On a Red Hat OpenShift 4.13 cluster with a NVIDIA Tesla T4 worker node (g4dn.xlarge AWS machine type), it took on average 308 seconds to make the GPU available when building the driver on the fly, and only 132 seconds when using a precompiled driver image. We do not include the first sample in this calculation because in both cases the NVIDIA GPU operator had to pull images from a remote registry to the node (DTK for in-cluster builds).

Cluster Autoscaling

We have to admit that the cluster policy test is somewhat synthetic, so let's see how real autoscaling measures. In order to do that, we – well – trigger cluster autoscaling by repeatedly adding (scale up) and removing (scale down) a GPU workload. We measure the time between the moment a new node is ready, and the moment the GPU workload can actually run on it.

The scenarios that were tested:

The GPU drivers are built on the fly.
A precompiled driver image is hosted in a public quay.io registry.
A precompiled driver image is hosted in the OpenShift image registry.

As you can see, there is a significant difference between the GPU provisioning time when the driver is built on the fly and when using a precompiled driver container. It took on average 369 seconds to set up an on-the-fly driver, vs 217 and 207 seconds with precompiled drivers.

We did not observe any significant difference between a remote and cluster registry, probably because:

The remote image was eventually cached in the cluster anyway.
A good upstream connection makes differences in the download times negligible.

However, the OpenShift image registry will definitely have benefits for hosting precompiled driver images in a disconnected environment.

Another point to notice is that the time improvement of the precompiled containers over in-cluster builds is not as striking as in the cluster policy case. This is because a newly added node requires a fair amount of heavy lifting before the GPU driver setup kicks in. In general, node provisioning during cluster autoscaling is relatively slow. In any case, using precompiled drivers can still allow you to cut between 2.5 and three minutes off that time!

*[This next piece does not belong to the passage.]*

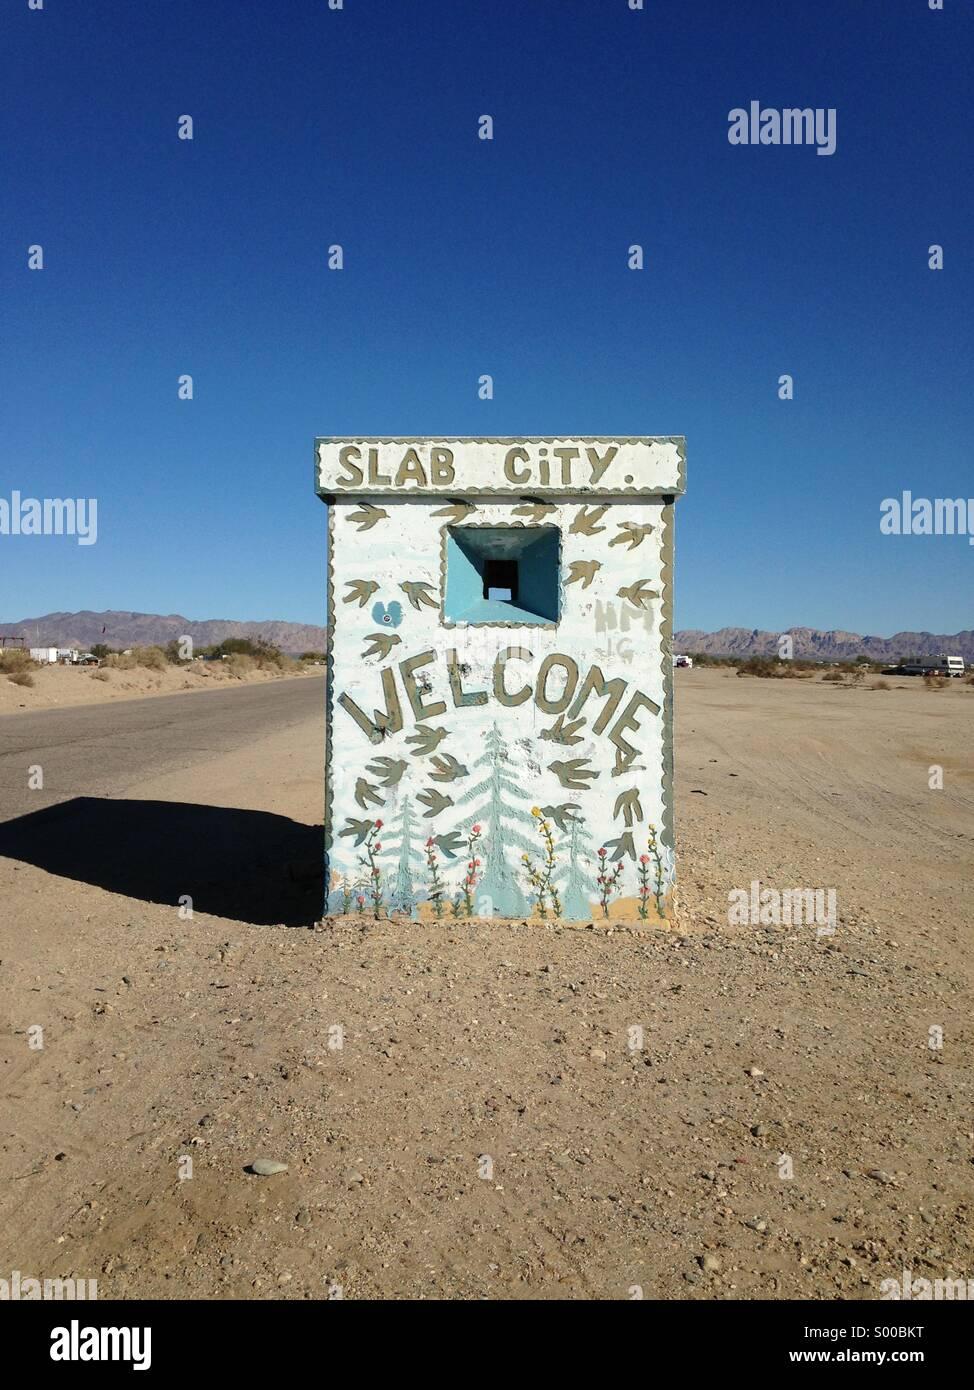 Entrance to Slab City, Niland, Calif. - Stock Image

But more importantly, it turns out that using precompiled drivers will also allow you to shorten the autoscaling timers, such as maxNodeProvisionTime and unneededTime, making your cluster autoscaler more responsive. You can read a detailed explanation of the problem in the original Autoscaling NVIDIA GPUs on Red Hat OpenShift blog post, but here is a quick reminder:

A node that is not considered ready within the maxNodeProvisionTime, will be deleted and replaced with another one until successful, thus increasing the total time until a GPU workload can be scheduled, and wasting money on cloud instances. The chances for this to happen are high with GPUs because they do not belong to core Kubernetes resources.

Our rough tests show that we had to set conservative autoscaling timers when using the conventional GPU driver flow, but could significantly reduce them when using precompiled drivers. Keep in mind though that we did not conduct thorough testing of the autoscaling timers, and recommend fine tuning them in every customer environment anyway.

Conclusion

NVIDIA precompiled driver containers, now available on OpenShift, bring noticeable improvements to cluster autoscaling performance among other benefits. They shorten the GPU worker node provisioning time by two to three minutes in a typical cloud environment. And this improvement is not just about GPU discovery, but also how responsive your cluster autoscaler can be in general.